CRAFT BURGER (573 King West, at Portland, 416-596-6660) Average main $6. Open Monday to Thursday 11 am to 9 pm, Friday 11 am to 10 pm, Saturday noon to 10 pm, Sunday and some holidays noon to 8 pm. Unlicensed. Access: two steps at door, washrooms on same floor. Rating: NNN
King and Portland hasn't always been the centre of the universe for Toronto's glitterati. Home to Susur, Thuet and the members-only Spoke Club - as well as a slew of swanky cocktail lounges that also cater to the chi-chi set - this once-sleepy intersection is now a buzzing hive of late-night activity.
What better location to open an upscale burger joint? And that's exactly what Mustafa Yusuf has done with Craft Burger, a very busy month-old beanery that rocks until well into the night. Formerly El Penco, the narrow space is already a chaotic scene at lunch, when customers queue out the door for organic Healthy Butcher burgers at $6.65 a pop. "We appreciate your patience," a chalkboard menu over the cash advises.
If Craft Burger sounds a little familiar maybe it's because Yusuf - along with partner Saeed Mohammed - launched Burger Shoppe (688 Queen East, at Broadview, 416-850-7026) just nine months ago with a similar concept. They also had big plans to franchise, even though their first effort was far from ready for the spotlight when it first opened.
Yusuf seems to have agreed and split - in rock 'n' roll terminology, this is politely referred to as "musical differences" - this summer to launch Craft Burger and have it his way, as the Burger King would insist. Besides the decor - Burger Shoppe: 50s lunch counter; Craft Burger: hip Harvey's - the two are virtually identical right down to the recycled brown paper napkins and poutine ($4.95).
True, Craft's toppings push the envelope further than its cousin with things like blue cheese and avocado (Craft Bleu, $6.95), but in side-by-side taste testings, Craft's Classic burger and Burger Shoppe's equally Classic would-be Whopper (both $5.45) are difficult to tell apart.
Craft's onion rings are not only interchangeable, they're described with exactly the same words and price ("crispy, breaded, tasty, $2.95").
Like the Shoppe back when it first opened, the capable kids behind the counter are still learning the drill. It's not until I get back to the Test Kitchen that I discover my takeaway contains three cans of Coke ($1.25 each) instead of the mixed greens with vinaigrette ($3.45) I order. And it would be nice if Craft's otherwise quite acceptable fries ($2.95) weren't pre-salted, stuff all easily rectified.

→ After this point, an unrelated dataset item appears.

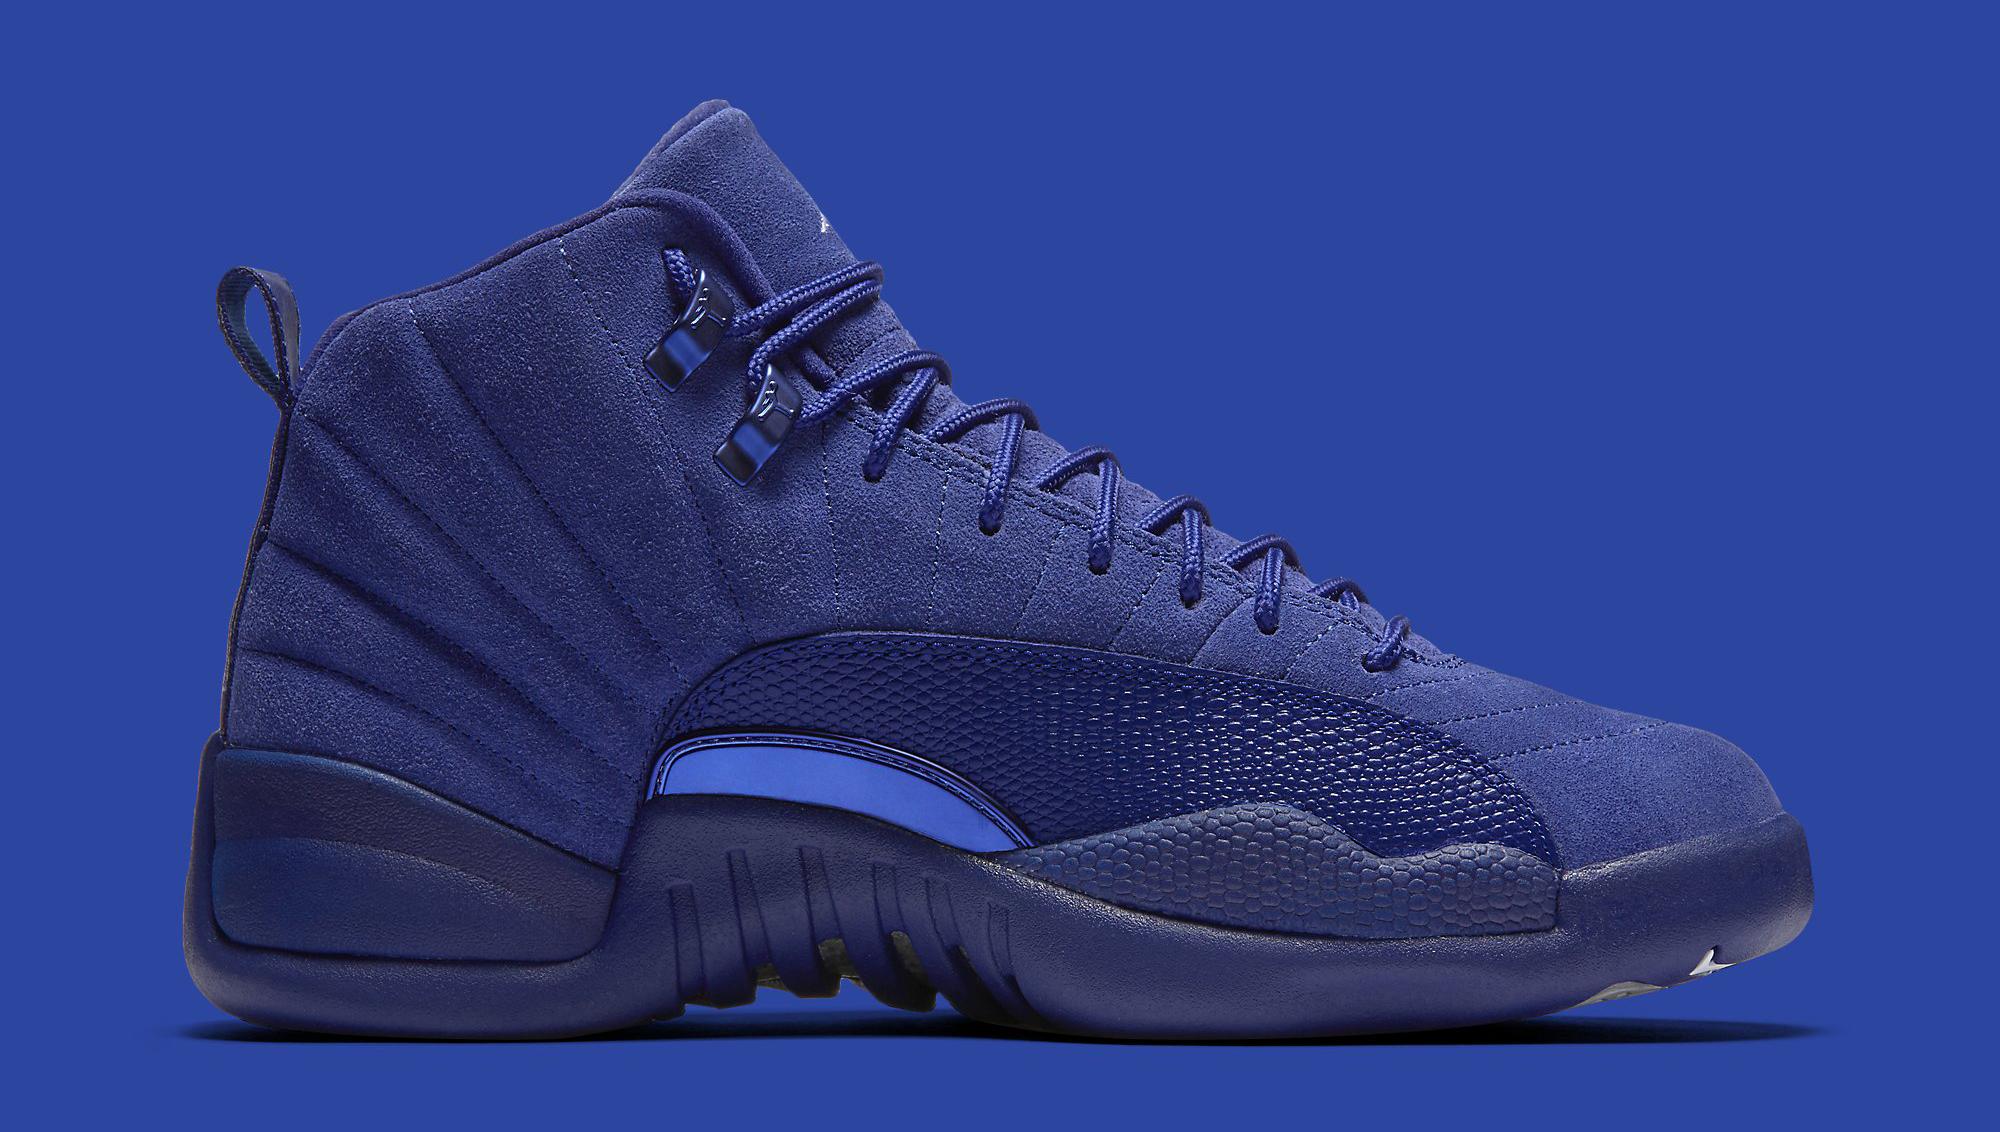 Blue Jordan 12 Medial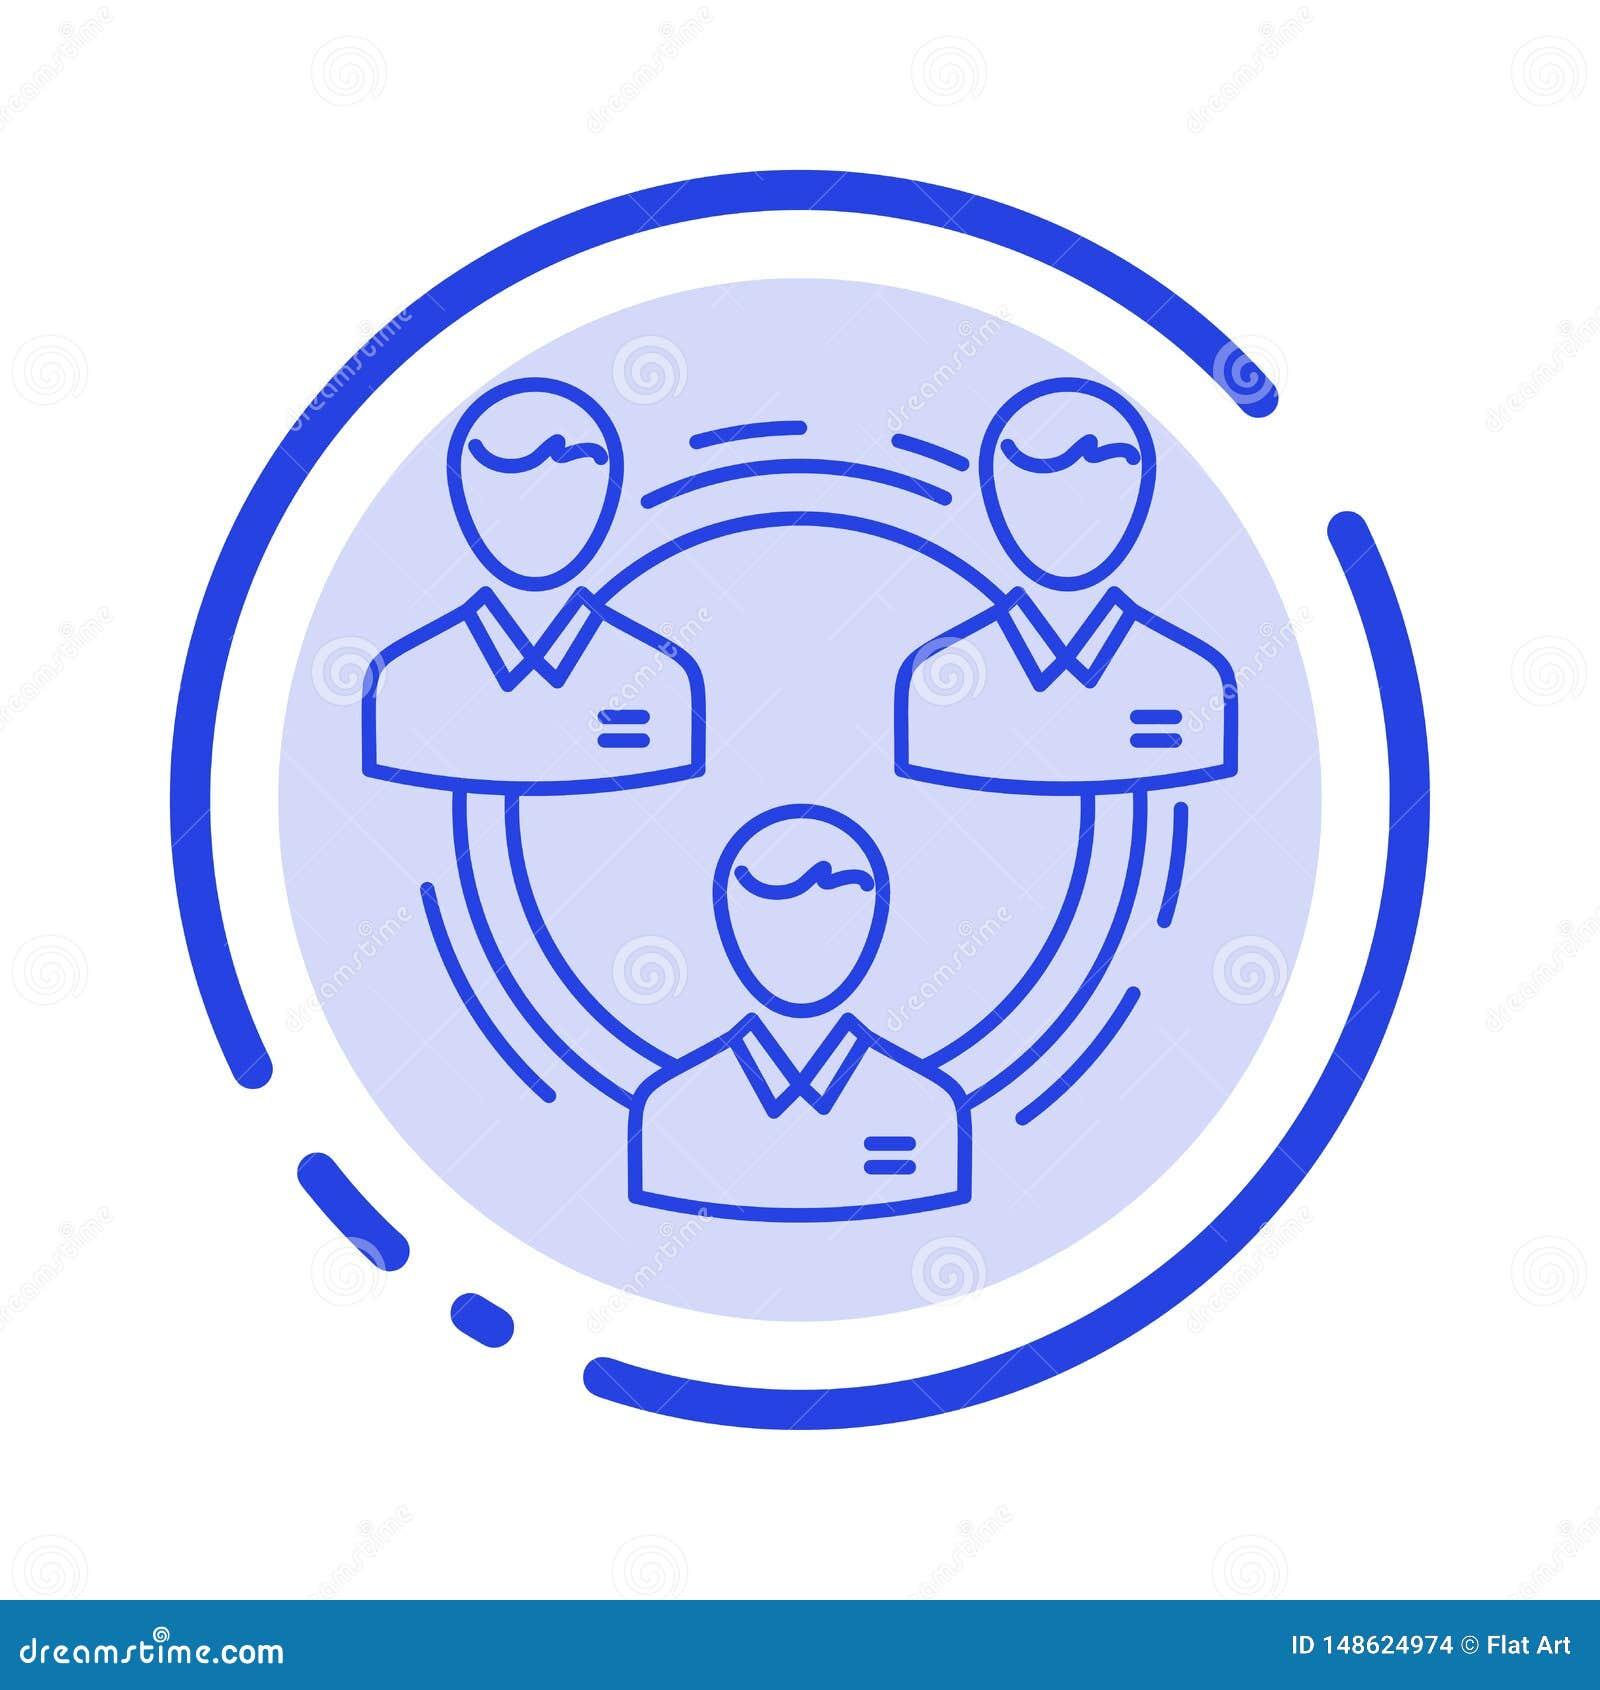 团队、业务、通信、层次、人员、社会、结构蓝点线图标

A recent visit to Burger Shoppe finds a smooth-running machine, a fate that no doubt awaits Craft Burger once it irons out its initial kinks. But I'm surprised that, after trying it out for a couple of weekends, Craft no longer goes after the post-clubbing crowd by staying open till 3 am on Friday and Saturday nights.
"Babysitting those people at that hour can be a bit of a headache," says Yusuf.
The Shangri-Las may have said that you can never go home anymore, but a trip back in time to my old stomping grounds proves otherwise. Growing up in north Toronto, the Golden Star (7123 Yonge, at Doncaster, 905-889-6891) was the holy grail of burgers. Some liked this new drive-in up the road in Richmond Hill called Harvey's, but we cool kids of Thornhill Secondary preferred the Star. Why, the gruff counter staff even had a song they sang while they slung.
"The Golden Star, the best by far/ You come from near, you come from far/ It doesn't matter if you bring your car."
Nowadays, the Star's homeburger ($4.90) is just how I remember it, 8 ounces of juicy perfection run through the garden. Mark McEwan probably wouldn't approve, but it provides me with my own Proustian madeleine epiphany.
Others contend that the Burger Shack (233 Eglinton West, at Oriole Parkway, 416-487-1974) is the best spot in town to get a shot of hamburger nostalgia. Until last Saturday, I'd never tried its 6-ounce homeburger ($3.85), but now that I have, I don't see the fuss. Charbroiled and topped with optional sweet caramelized onion and hot banana peppers, it's competent, a Harvey's in disguise. Of course, I wouldn't think so if I'd gone to Upper Canada College instead of TSS.
Decked out with images of the Virgin Mary and Mark Messier, the Bellwood (756 Queen West, at Niagara, 416-504-8855) doesn't make the best burger in town - for NOW's picks, see page 35 - but it certainly makes one of the biggest. The house homeburger ($6.30 sided with fries and gravy) weighs in at a hefty 16 ounces, a veritable frisbee of roughly ground beef topped with a salad's worth of lettuce, tomato, onion and mayo. That's one hell of a hangover helper!